• The task: Leave the pictures out and quote every line from the start of the listing to the line with "image of extra", inclusive.

• Source data:

____

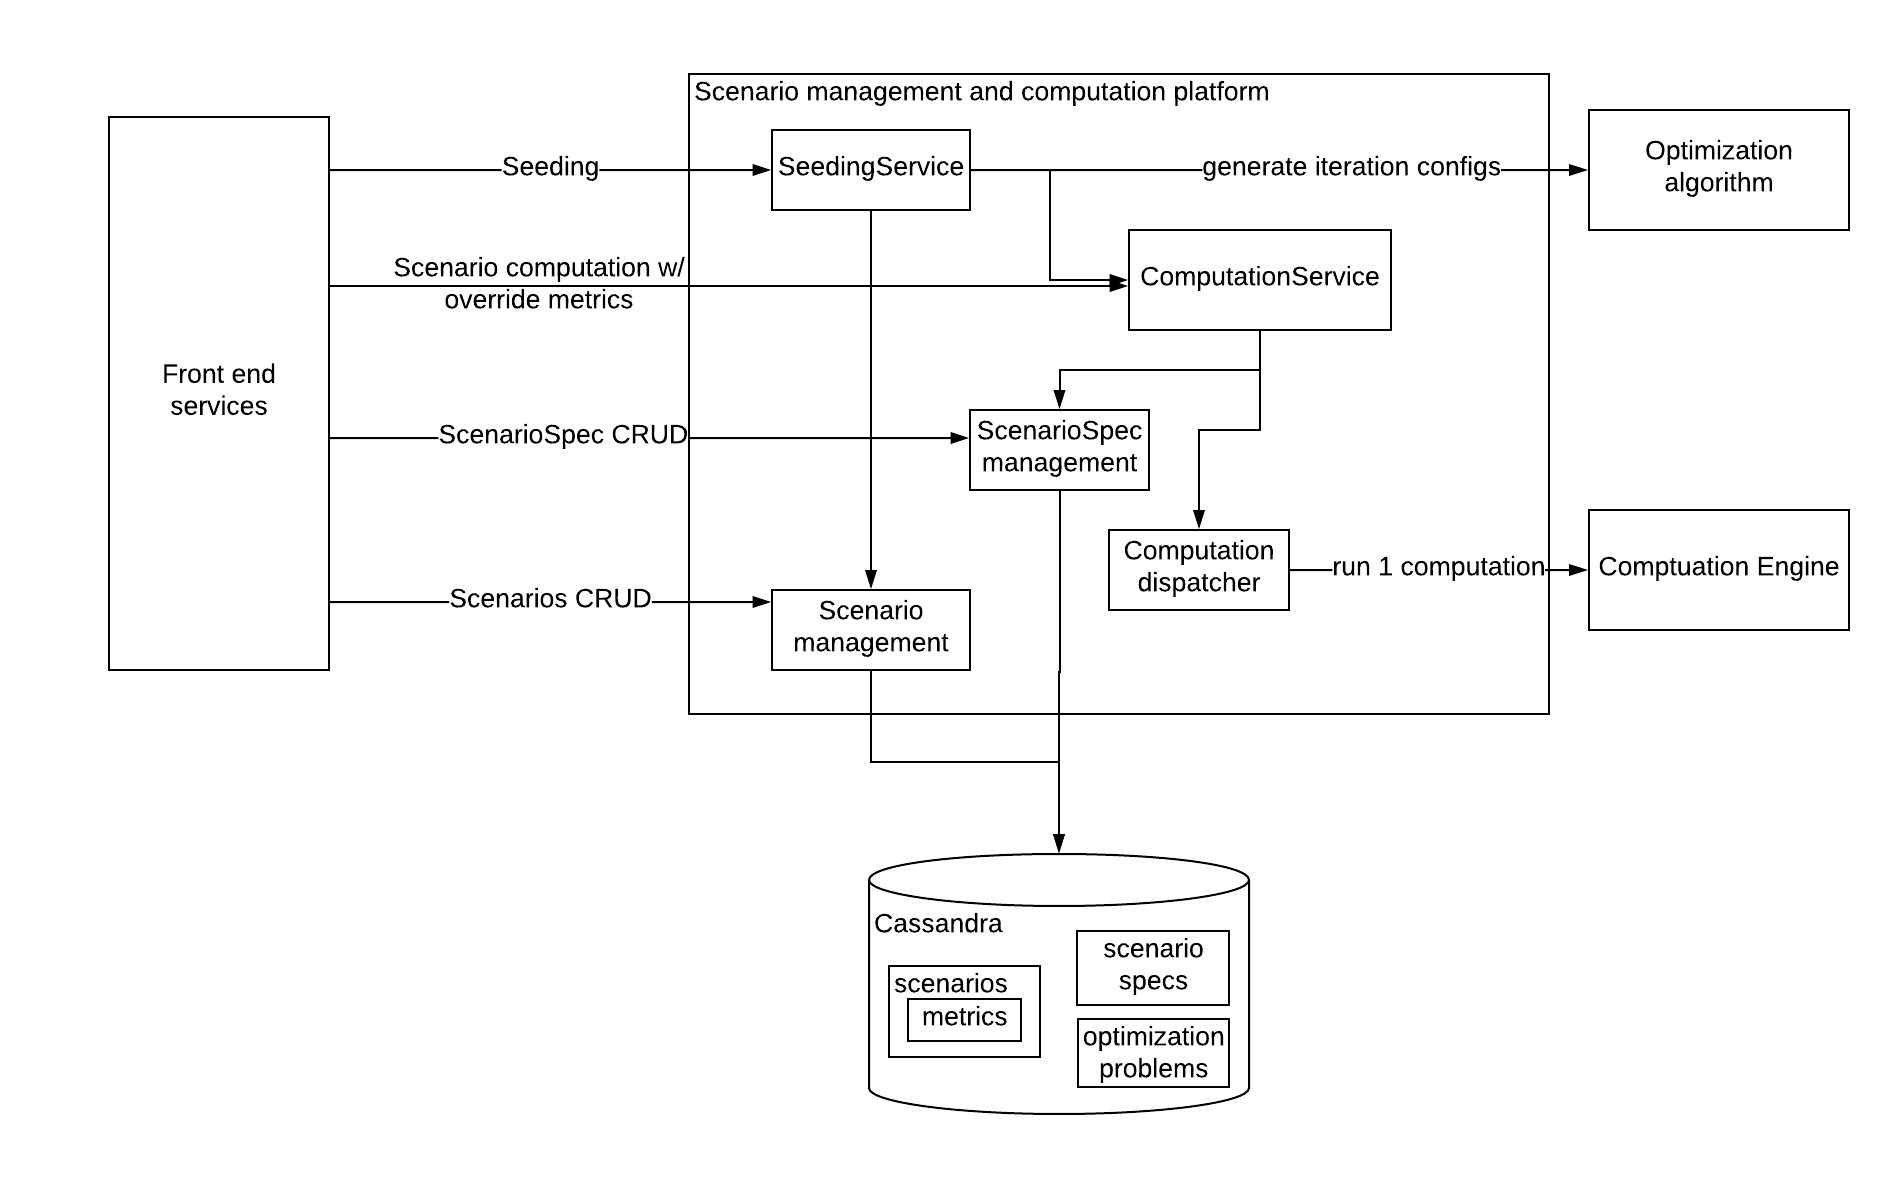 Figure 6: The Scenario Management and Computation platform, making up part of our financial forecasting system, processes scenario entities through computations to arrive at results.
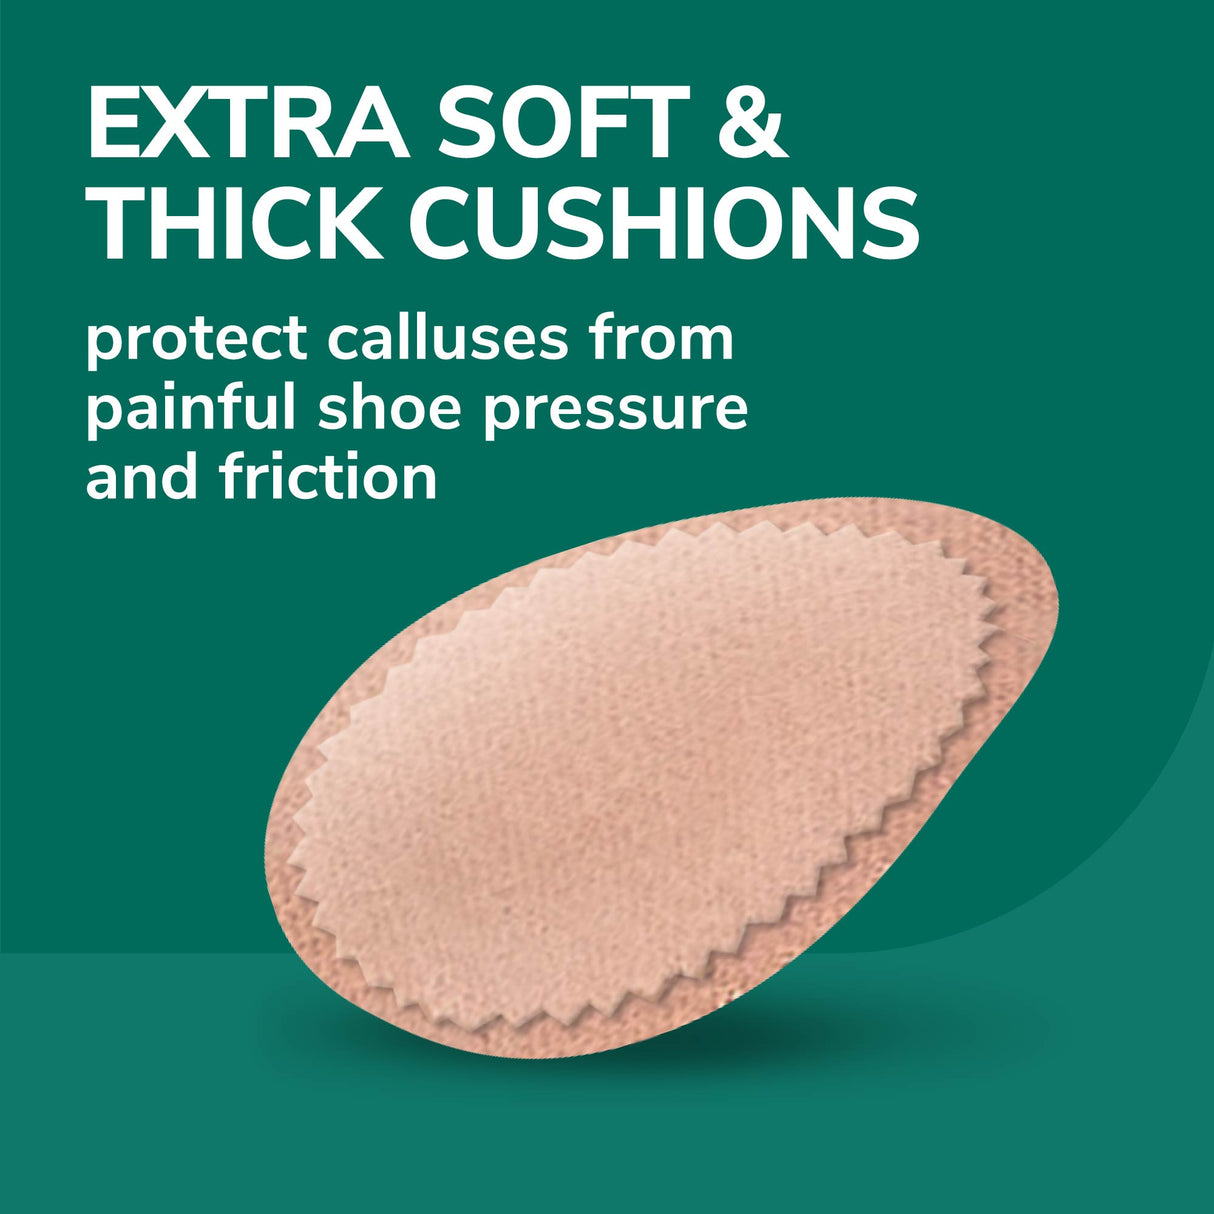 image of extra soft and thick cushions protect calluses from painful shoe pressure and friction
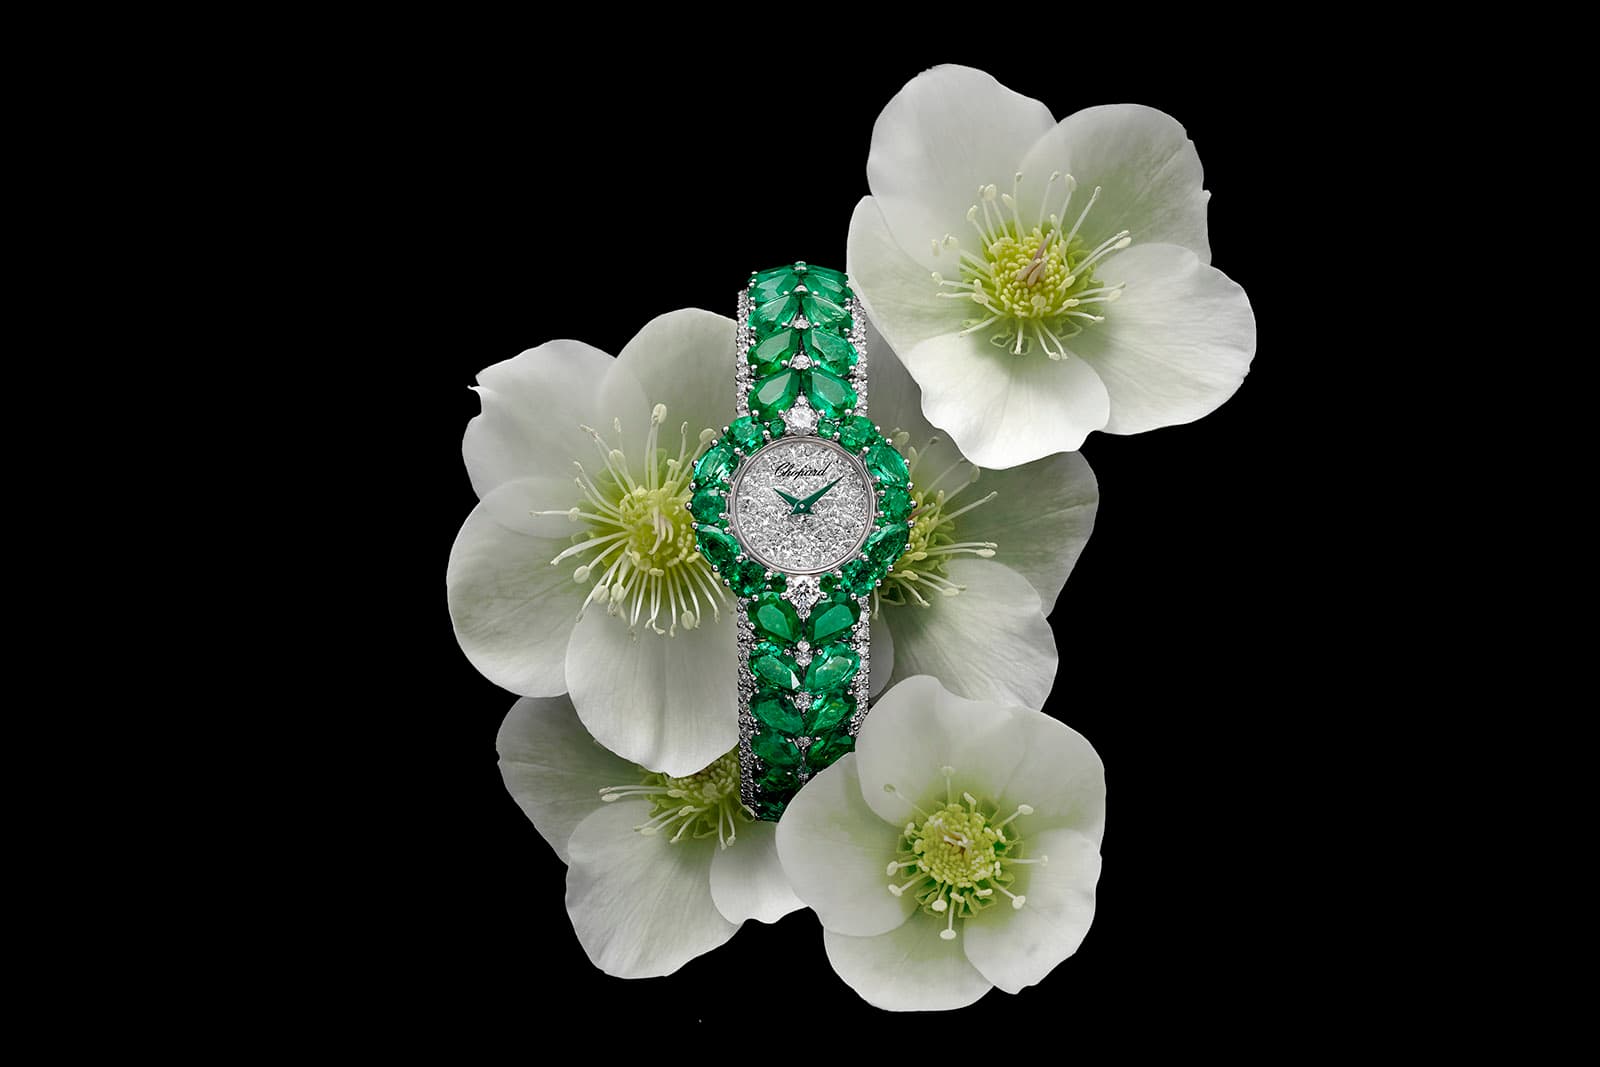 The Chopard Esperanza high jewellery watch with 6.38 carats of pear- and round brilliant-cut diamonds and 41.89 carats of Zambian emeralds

____

• Task result:
 Figure 6: The Scenario Management and Computation platform, making up part of our financial forecasting system, processes scenario entities through computations to arrive at results.
 image of extra soft and thick cushions protect calluses from painful shoe pressure and friction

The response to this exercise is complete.